For interaction profiles of active regions, we applied R package InteractionSet to calculate the interaction frequency between active regulatory regions. The pairs with less than 20 interactions or spanning different chromosomes were filtered.
eQTL for human brain regions
The significant eQTLs were downloaded from the GTEx database (https://gtexportal.org/), where eQTLs had been filtered at a cutoff of FDR <0.05. Based on text mining, we selected eQTLs of six brain regions: the amygdala, anterior cingulate cortex, cortex, frontal cortex, hippocampus, and hypothalamus. As an independent validation, we also included the eQTLs stored in BRAINEAC database (http://www.braineac.org/)45 to evaluate the interactions reported by GTEx or Hi-C datasets.
MSBB data analysis
The RNA-seq and clinical data of AD patients were downloaded from the AMP-AD project https://www.synapse.org/#!Synapse:syn2580853. To simplify the analysis, only MSBB data were selected. After filtering the sample with incomplete information, MSBB data included 223 AD patients and four brain regions: the frontal pole (BA10), superior temporal gyrus (BA22), parahippocampal gyrus (BA36), and frontal cortex (BA44). These subjects had diverse clinical manifestations, for example, cognitive score and Braak stages. Approximately 61% were diagnosed as having pathological AD or probable AD. The clinical dementia rating scale (CDR) and mini–mental state examination (MMSE) severity tests were used to assess cognitive status. Based on CDR classification, subjects were grouped as no cognitive deficits (CDR = 0), questionable dementia (CDR = 0.5), mild dementia (CDR = 1.0), moderate dementia (CDR = 2.0), and severe to terminal dementia (CDR = 3.0–5.0). The differential expressed genes were identified by the R limma package, where two conditions were compared for all the expressed genes.
Visualization of long-distance interaction
The interaction matrices for AD, aged, and young groups were generated by merging the matrices from different samples. Then the interaction matrices were normalized by the Knight-Ruiz (KR) method37. An interaction heatmap was generated by HiCPlotter46. R package Gviz was used to visualize the binned triangle interaction heatmap, compartment A/B, H3K27ac ChIP-seq, ATAC-seq, GWAS SNP significance signal, and mapped genes along the human genome. The contacting loops were mapped by R package GenomicInteractions47.

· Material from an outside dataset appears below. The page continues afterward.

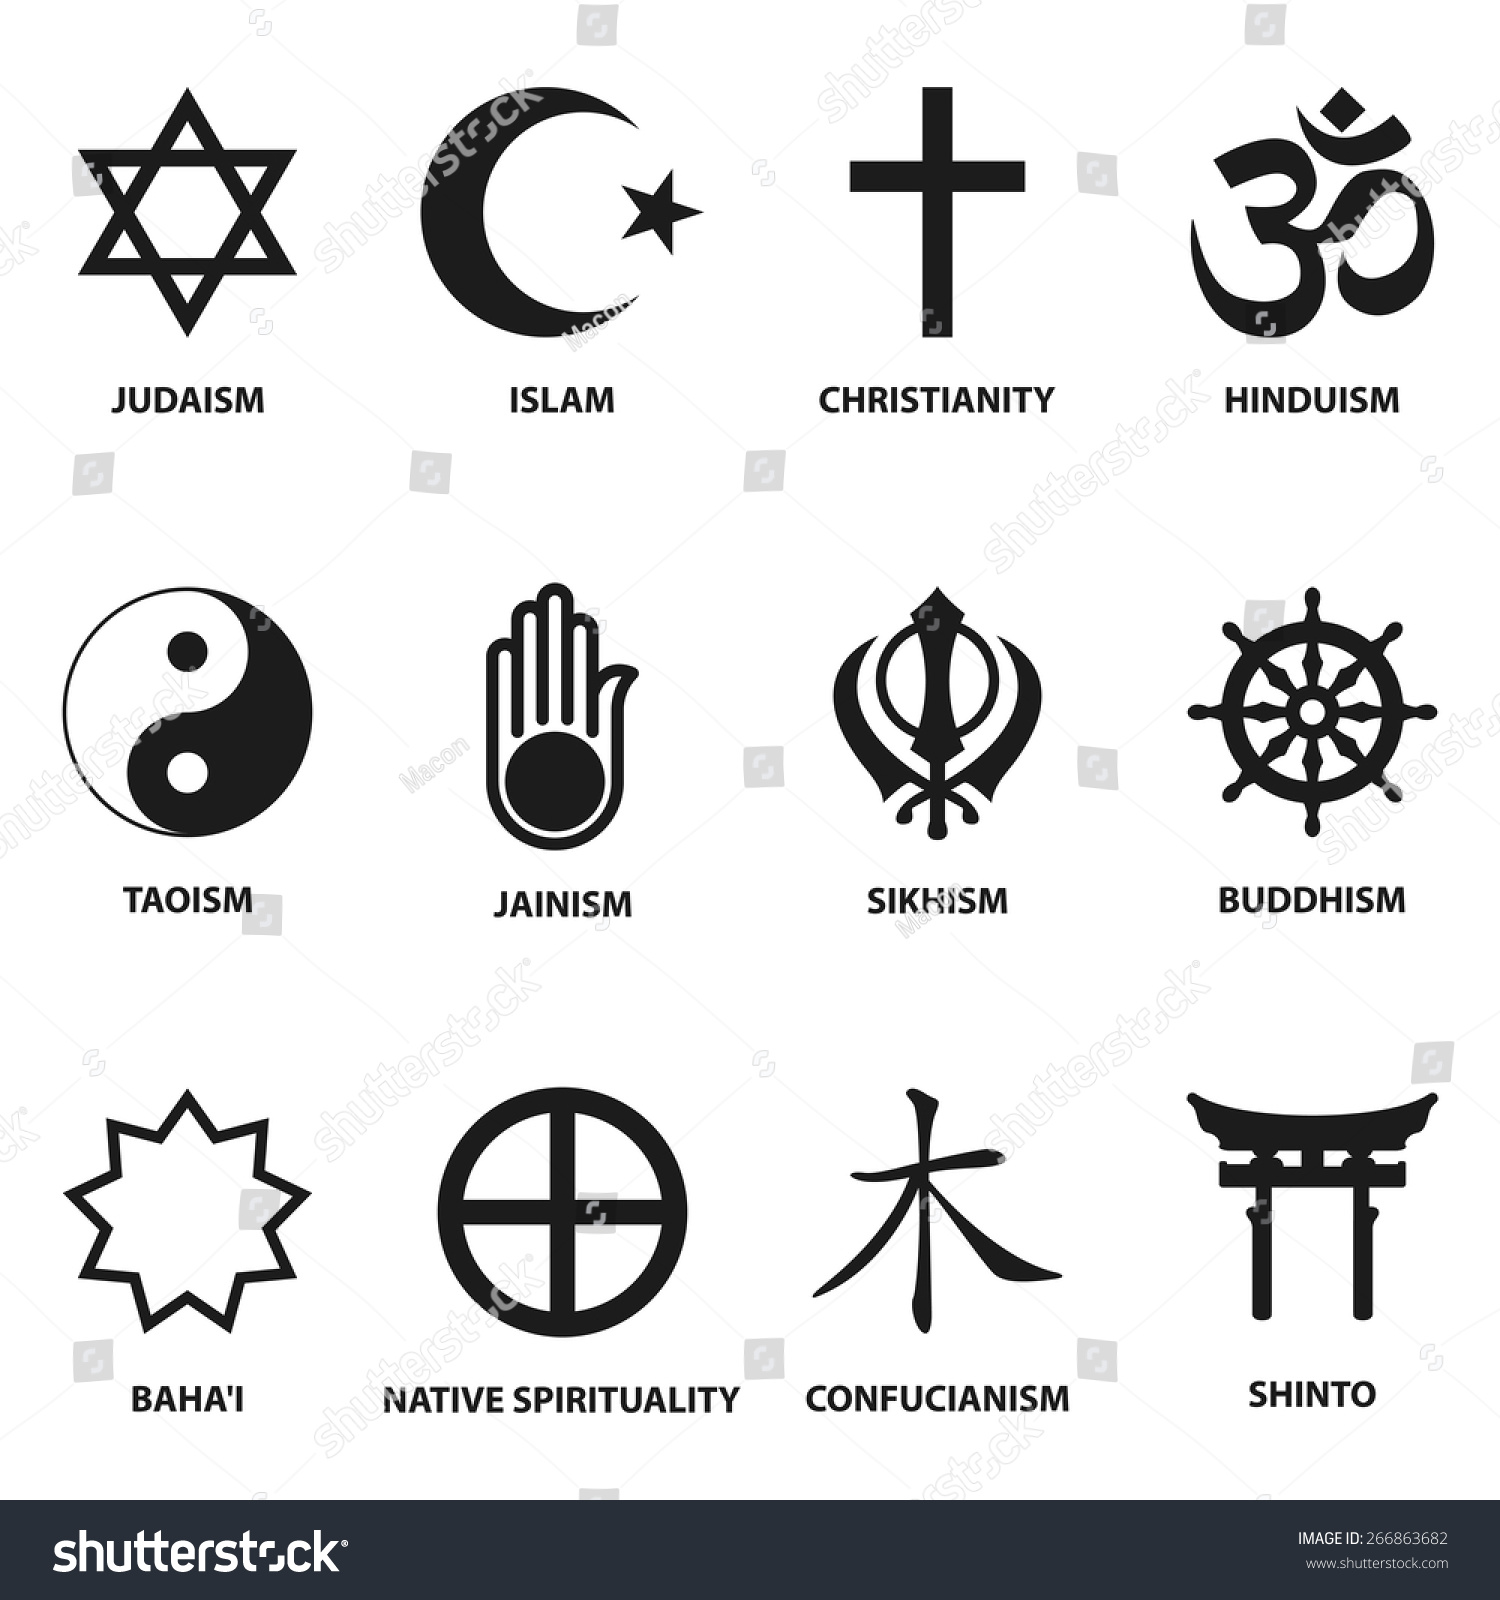 Caucasian christian world vs oriental muslim world 2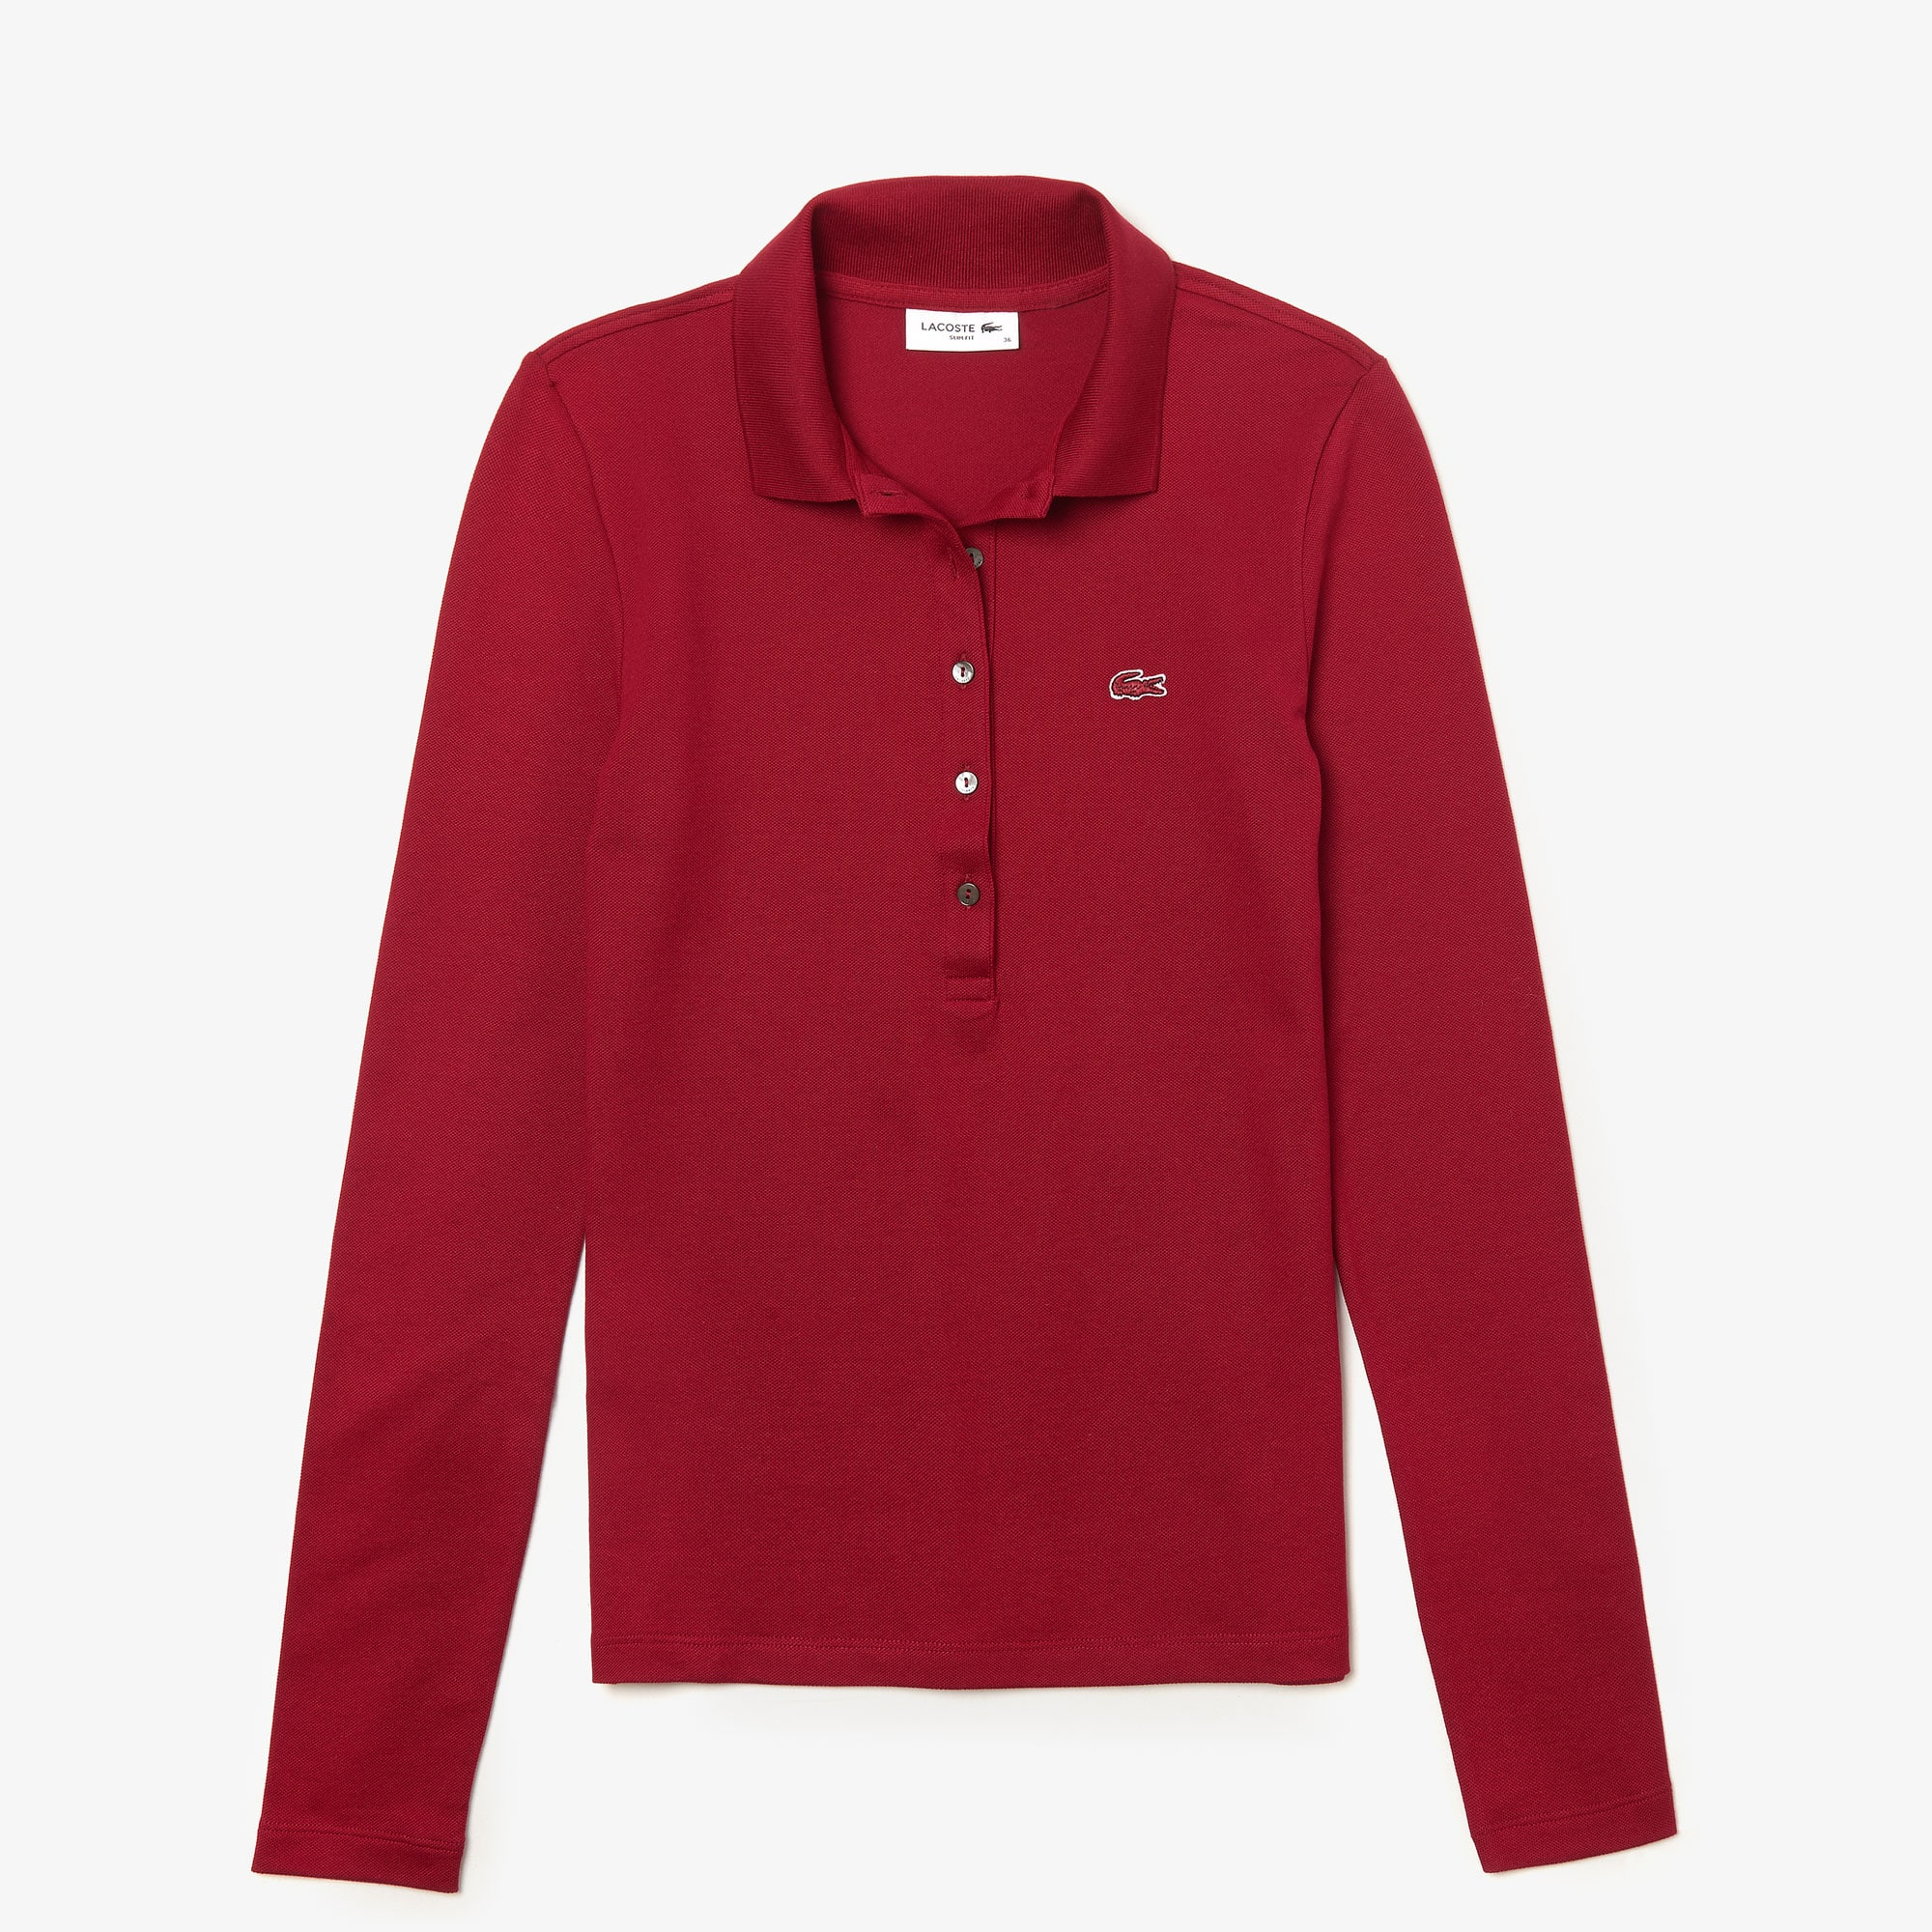 78b2dcd49475 Women's Lacoste Slim Fit Stretch Mini Piqué Polo Shirt

The Hi-C raw fastq files were deposited at NCBI under accession number of SRP28018348. The raw ATAC-seq data were publicly available in the Gene Expression Omnibus (GEO) database with the ID of GSE12904149. To facilitate the usage of Hi-C datasets, we build a shiny-based tool at http://menglab.pub/hic/. It can perform integrative analysis for genes or user-defined genomic regions, including an interaction histogram, compartment score, loops predicted by HiCCUPS, H3K27ac peaks, open chromatin regions by ATAC-seq, contacts of active regions, AD risk SNPs, SNP-promoter interactions, eQTLs, and protein-coding genes. The processed Hi-C data are also available for public download in the same web tool.
Quality assessment of Hi-C data
Quality assessment of each Hi-C dataset was performed following the protocol introduced in https://www.encodeproject.org/pipelines/, including inter-/intra-chromosomal pairs, chimeric pairs, duplicates, intra-fragment, intra long distance ranges, and ligations (see here50,51). Figure 2a shows the results of reads mapping step using one example of AD samples. >90% of reads were aligned on the genome of hg38 by bowtie252. Figure 2b shows the pairing statistics by HiC-Pro, in which more than 60% reads were paired. Among the pairs, more than 70% are validated pairs (see Fig. 2c). Among the validated pairs, there are about 30% of duplicates, which is mainly due to the high sequencing depth (see Fig. 2d). Fragment size distribution was extracted from the valid interaction and we observed a distribution centered around 300 bp, which corresponds to the paired-end insert size commonly used (see Fig. 2e). For the other samples, we also perform the same quality assessment and observed similar results50. We also performed reproducibility analysis by HICRep tool38 among samples. We found that the samples had overall good similarity (>0.85) in interaction profiles (see Fig. 2f). Overall, all the evaluation results suggested a good quality of the Hi-C data.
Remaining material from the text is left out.